Avec sa bière, Pizza Charly conforte son ancrage local

Pizza Charly

Il en rêvait et il l’a fait. Charly vient de lancer sa bière éponyme, aux couleurs de sa pizzéria emblématique du quartier Noailles. La concrétisation d’un rêve dont le jeune entrepreneur de 33 ans avoue qu’il ne s’arrêtera pas en si bon chemin : – J’ai toujours voulu brasser ma propre bière, explique-t-il. Je me suis rapproché des équipes de la Minotte, (Minot brasserie, NDLR) avec qui je partage une histoire commune. Ils ont toujours été des clients de Charly Pizza et des liens se sont noués. De bons clients, ce sont devenus de bons copains ».
De cette amitié résultent deux bières, une blonde « équilibrée, florale qui marche très bien avec la plupart de nos pizzas » avance Charly qui lui assigne le titre de bière craft, visant à réunir le plus grand nombre, « même les plus connaisseurs ».
Et puis il y a cette cuvée dont Charly dit que s’il n’avait dû en faire qu’une, c’eut été celle-ci, « une bière plus authentique, avec des goûts très marqués, une amertume revendiquée et une finale sur le biscuit… Une bière plus noble car elle est plus identitaire ».

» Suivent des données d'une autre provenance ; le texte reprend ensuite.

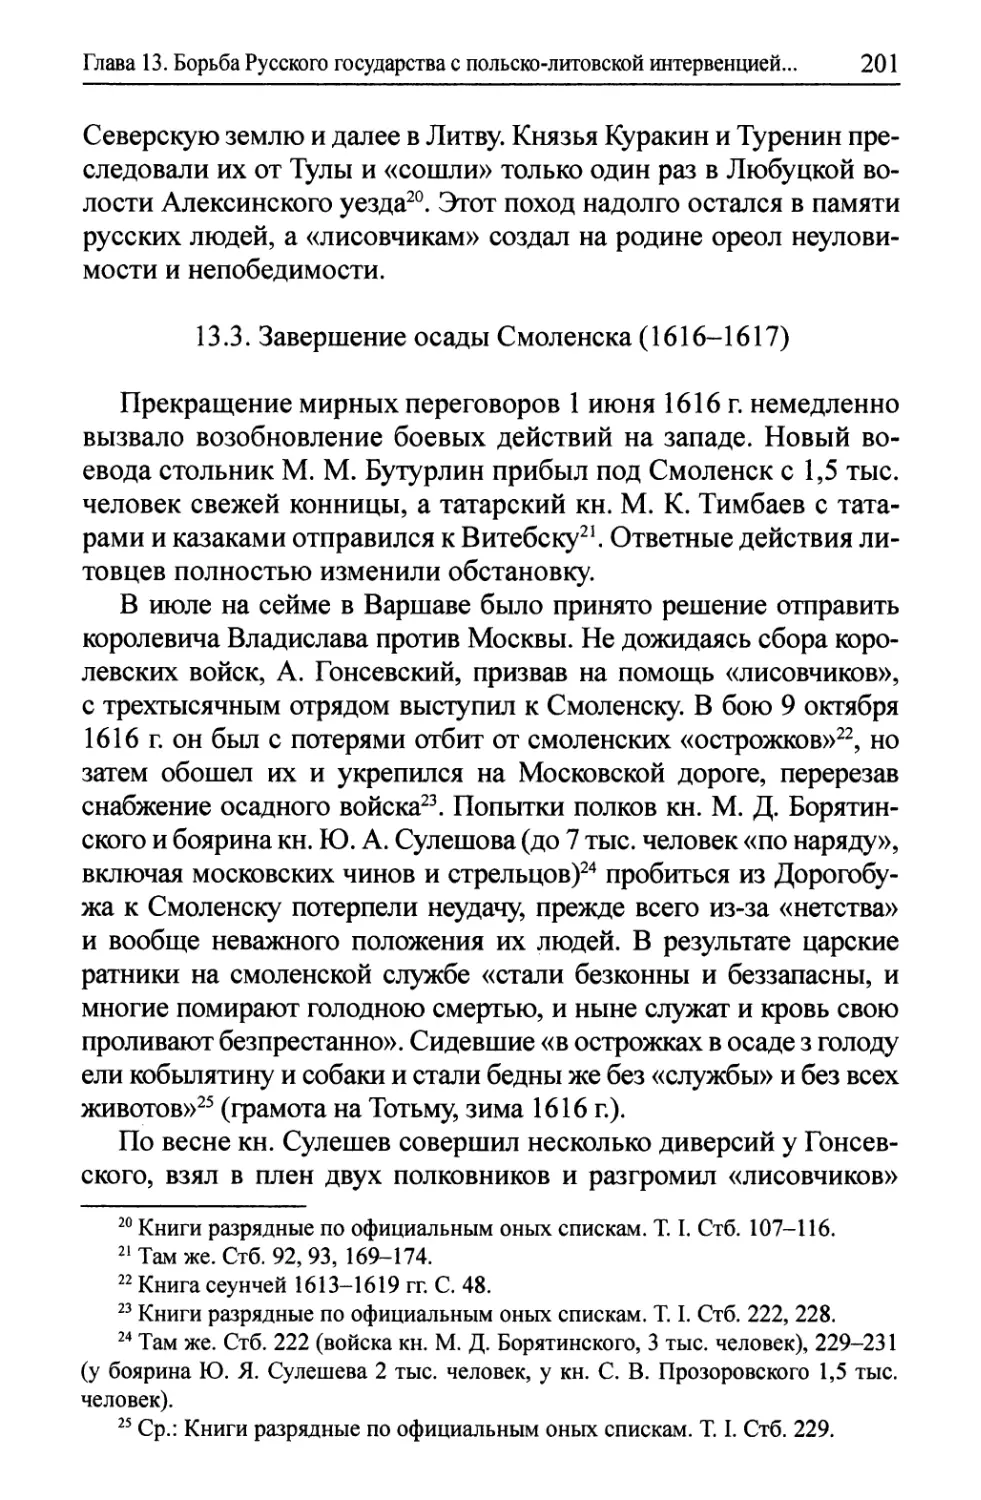 13.3. Завершение осады Смоленска (1616-1617)
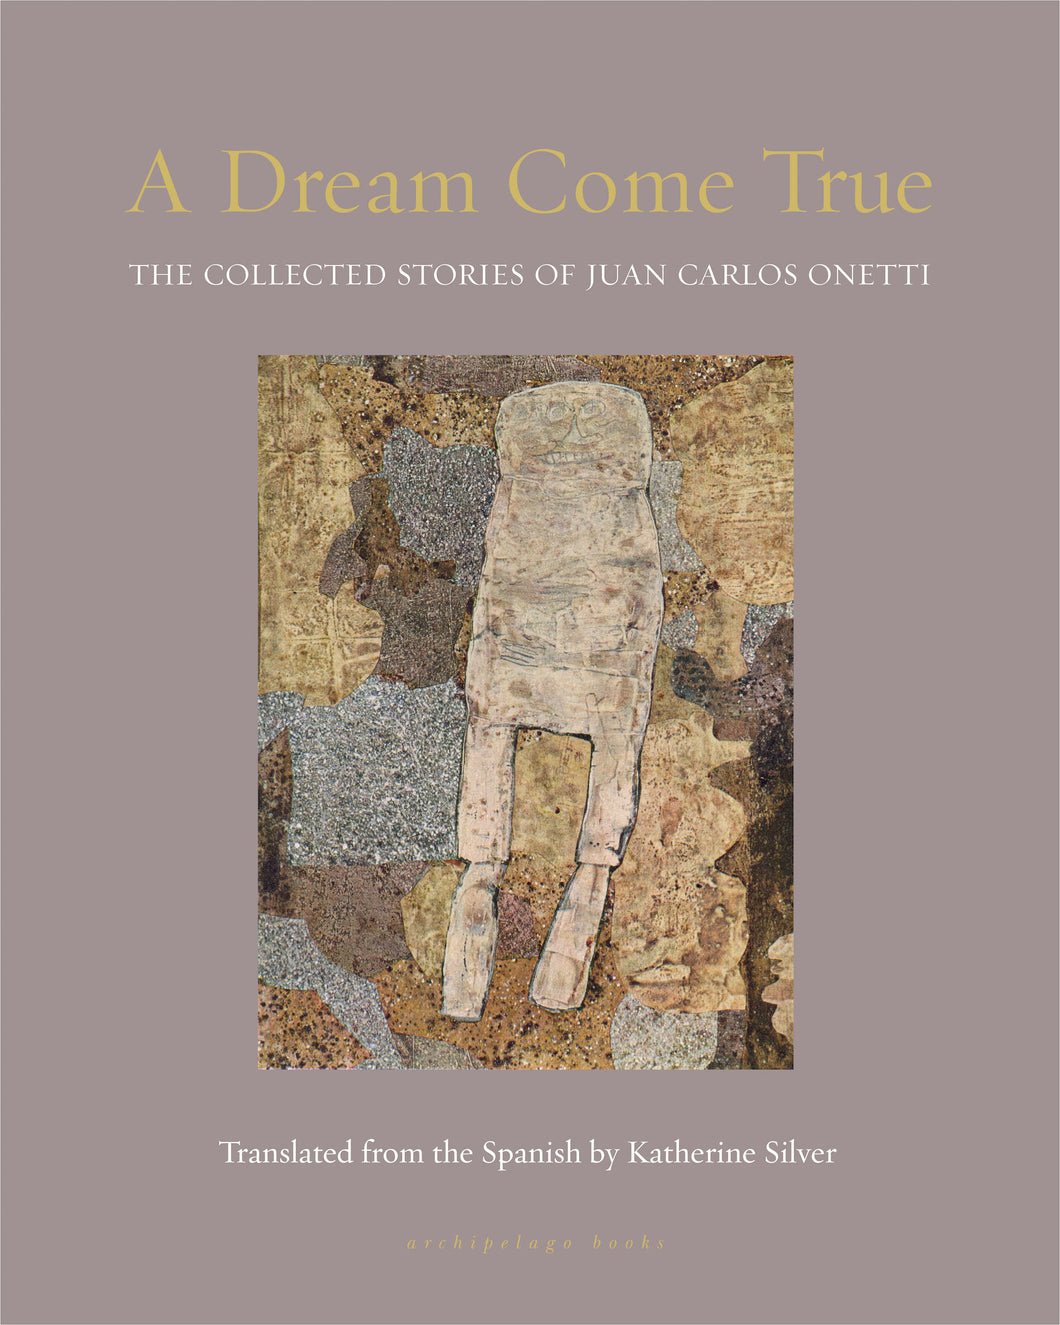 A Dream Come True : The Collected Stories of Juan Carlos Onetti ร้านหนังสือและสิ่งของ เป็นร้านหนังสือภาษาอังกฤษหายาก และร้านกาแฟ หรือ บุ๊คคาเฟ่ ตั้งอยู่สุขุมวิท กรุงเทพ

« Ça me gonfle ces gens qui se prennent en selfie aux quatre coins du monde avec un gobelet Starbuck ou qui vont bouffer du McDo au Japon »

Charly

Au-delà de l’aspect sympathique de ces cuvées mousseuses, il y a la vision d’un monde et une réponse aux agacements de l’époque. « Depuis 2012 où j’ai repris les rênes de cette pizzéria, je me suis toujours employé à travailler local, explique Charly. Le local business, c’est mon truc et je vais essayer d’y tendre au maximum en me passant des marques globales ». Expliquant que ses farines proviennent de France à l’instar de ses fromages et viandes (poulet, bœuf charolais), le pizzaiolo pousse l’ambition jusqu’aux olives achetées de « Saint-Rémy jusqu’à Perpignan » et regrette de ne plus trouver d’anchois français.
« A terme, j’aimerais qu’on ne boive plus de Sprite ou de Coca au profit d’un Corsica Cola par exemple.  Je me sens tatoué au made in France, j’aime le 100% français et c’est mon ADN de défendre le local… » explique le chef d’entreprise qui, en lançant sa marque de bière enfonce un peu plus le clou du local. Le rêve a commencé et prend corps.

Pizza Charly, 4, rue des Feuillants, Marseille 1er ; infos au 09 84 20 79 62.